A un año de la intentona que se diera el 30 de septiembre de 2010 en el Ecuador, cabe la reflexión acerca de la relación opuesta que existe entre democracia y gobiernos surgidos de alguna forma de imposición por la fuerza.
Una democracia plena exige, según la filosofía política, una doble legitimidad: la de origen y la de ejercicio. La primera tiene que ver con que haya surgido de elecciones libres, desde la legitimidad ciudadana. La segunda, que lo realizado por el gobierno exprese la voluntad mayoritaria y -sobre todo- que responda al bienestar de las mayorías sociales.

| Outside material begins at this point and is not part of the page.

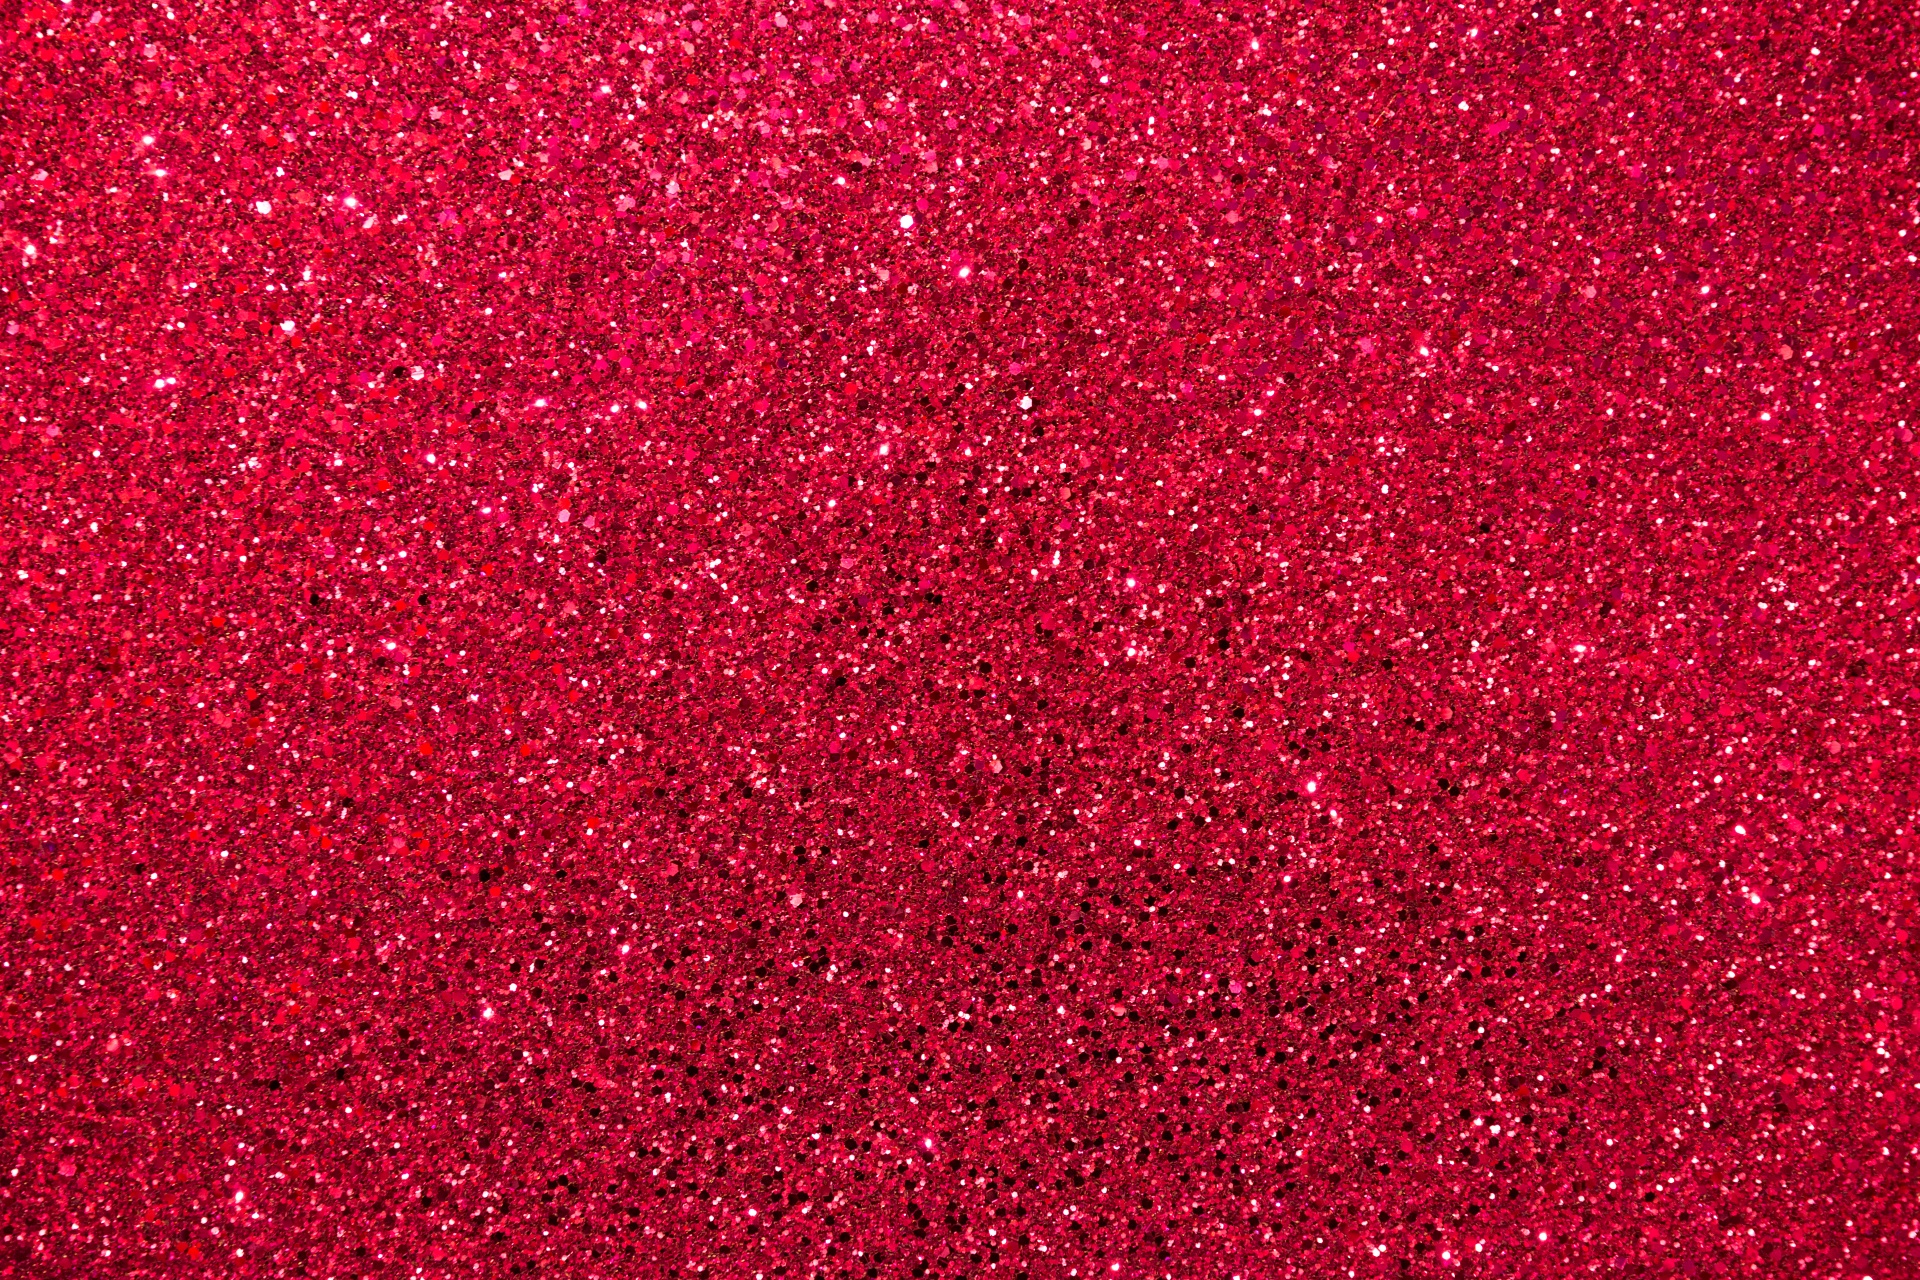 Red Glitter Background

Con una sola de estas dos condiciones, no se cumple plenamente la democracia. No basta solo con haber surgido de elecciones limpias, hay luego que hacer gobiernos con representatividad popular. Pero si se inició un gobierno ilegítimamente, ya se da un escollo insalvable para cualquier posibilidad democrática.
En nuestros países sudamericanos hay gobiernos que hoy cumplen (tendencialmente, ello nunca puede ser 100%) las dos condiciones. Y es ello lo que seguramente asumió la Unasur cuando actuó, en septiembre de 2010, con una velocidad y eficacia sanamente sorprendentes.
En la mañana se daba la asonada policial, en la tarde ya estaban reunidos los presidentes sudamericanos en Buenos Aires. No se recuerda una acción tan rápida en ninguna ocasión anterior. Y las decisiones fueron claras: un gobierno que no fuera legítimo no sería reconocido por sus pares sudamericanos, que llegarían a cortar el comercio con el país en que se diera la transgresión, así como incluso los vuelos comerciales y los intercambios diplomáticos.
Sin dudas que la intervención de Unasur para salvaguardar la democracia en la región fue, entonces, de enorme importancia. Y fue una muestra más de que un organismo de los sudamericanos por sí mismos es mucho más útil que aquella vieja burocracia de la OEA, que rara vez ha asumido nuestros propios intereses.